Walk applied to only one law school. Temple University was a good school, she knew, and affordable. She thought, “If I get into Temple, I’ll go.” She got in. 

At 41 years old, Walk finally became a lawyer. She started working part-time at some firms in Media, then full-time in Philadelphia and Chester County. Her current position in the Office of Judicial Support doesn’t technically require a law degree, but she says that having one helps. She enjoys the public-service aspect of the job. “I feel like I’m using my law degree for something worthwhile.”

Back to Delco

The Walks chose to live in Swarthmore when they moved back from New Jersey for the same reasons many people cite: the schools, the sidewalks, and how lovely the town looks in spring. Also for the sense of community. 

When Walk’s daughter Elizabeth was about 10 years old, she was allowed to ride her bike from their North Chester Road house into town. “Of course, we told her twenty times, don’t talk to any strangers,” Walk recalls.

But when the girl had trouble lifting her bike over a curb, a man she didn’t know came over to help her. He looked at her — looked into her face — and said, “Oh! You must be a Walk.”

“That always stuck with me,” Walk says. “That in this town, he looked at the kid’s face and knew who she was.”

As a council member, Walk knows there’s more to running a small town than meets the eye. A great deal of work goes into making sure things run smoothly enough that residents can take it for granted. She credits the volunteers who serve on the borough’s many committees and commissions. And she especially credits Borough Manager Jane Billings, saying, “I don’t know if people realize how good she is at her job.”

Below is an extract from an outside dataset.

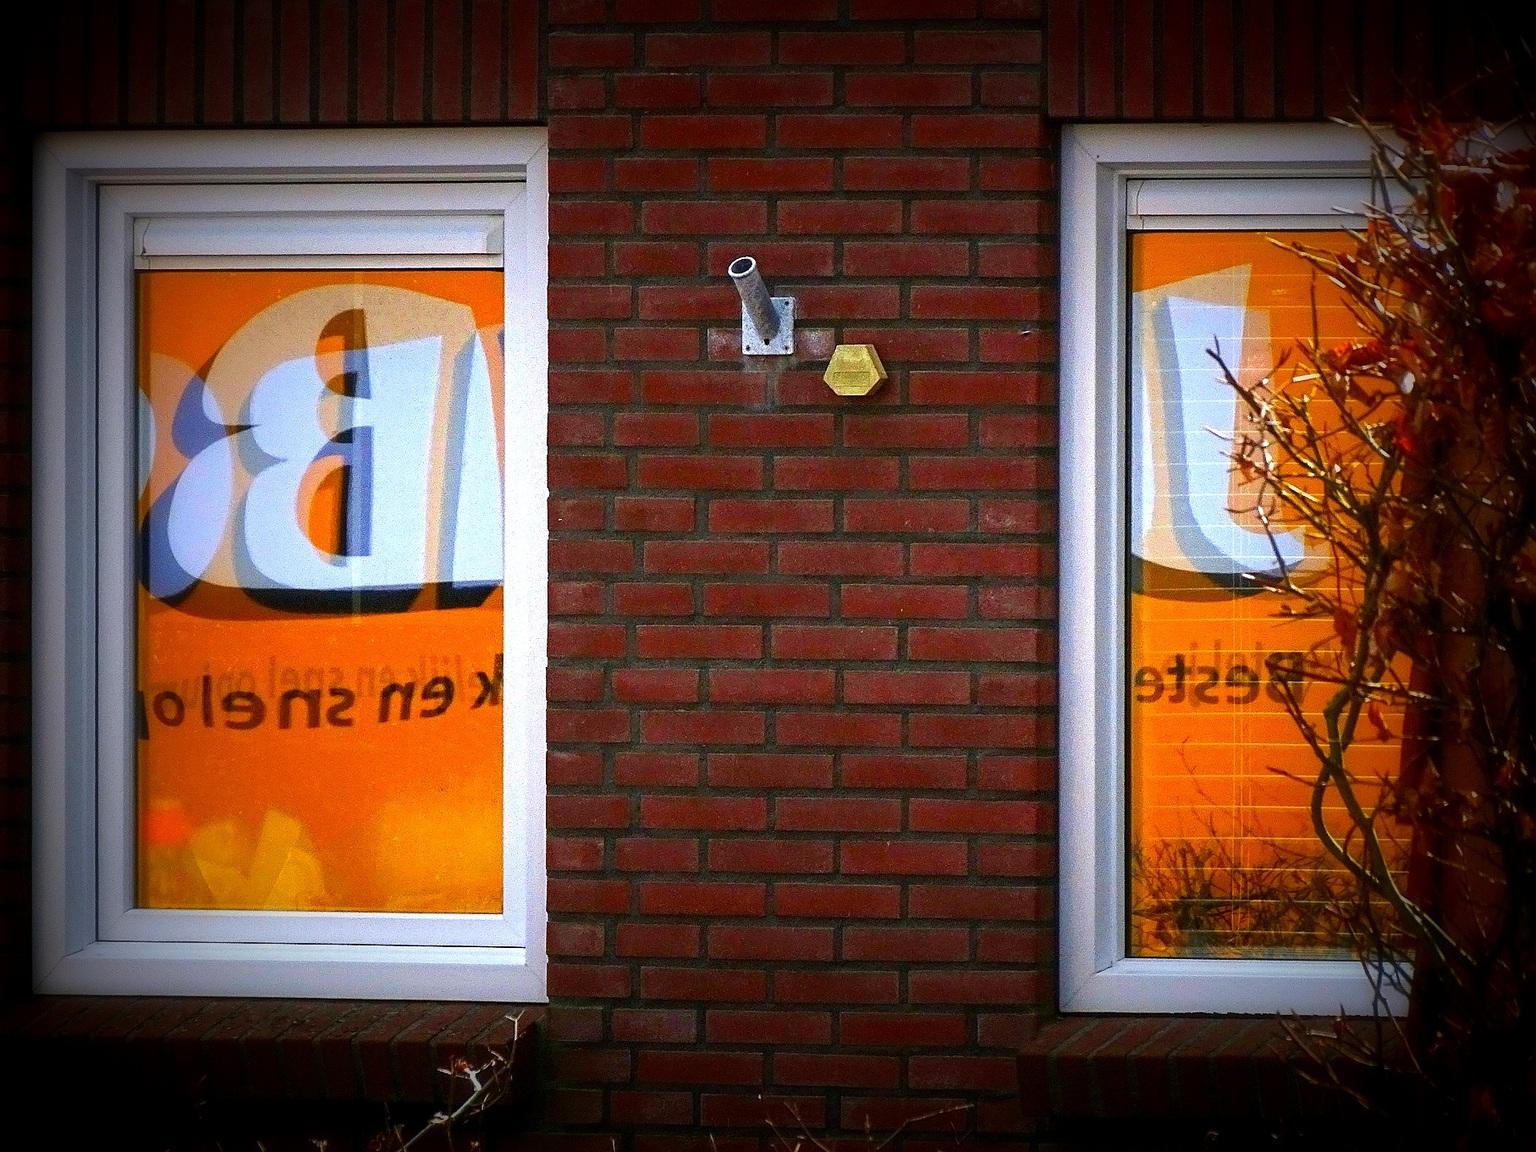 24 uurs economie - Thuisbezorgt. - foto door jan.pijper op 15-04-2021 - locatie: 9909 Spijk, Nederland - deze foto bevat: bruin, venster, hout, amber, oranje, armatuur, rechthoek, fabriek, verlichting, steen

Walk appeals to residents to stay in touch with their council members, and to contact them directly when they have problems or complaints. “Come to a meeting,” she urges. “Get involved.” She notes that council members are not available through social media sites like Nextdoor, instead responding to phone calls and emails. Contact information for all borough council members is on the borough website, swarthmorepa.org. 

“You could call any one of us about whatever’s on your mind,” she continues. “We’re on council because we care about the town.”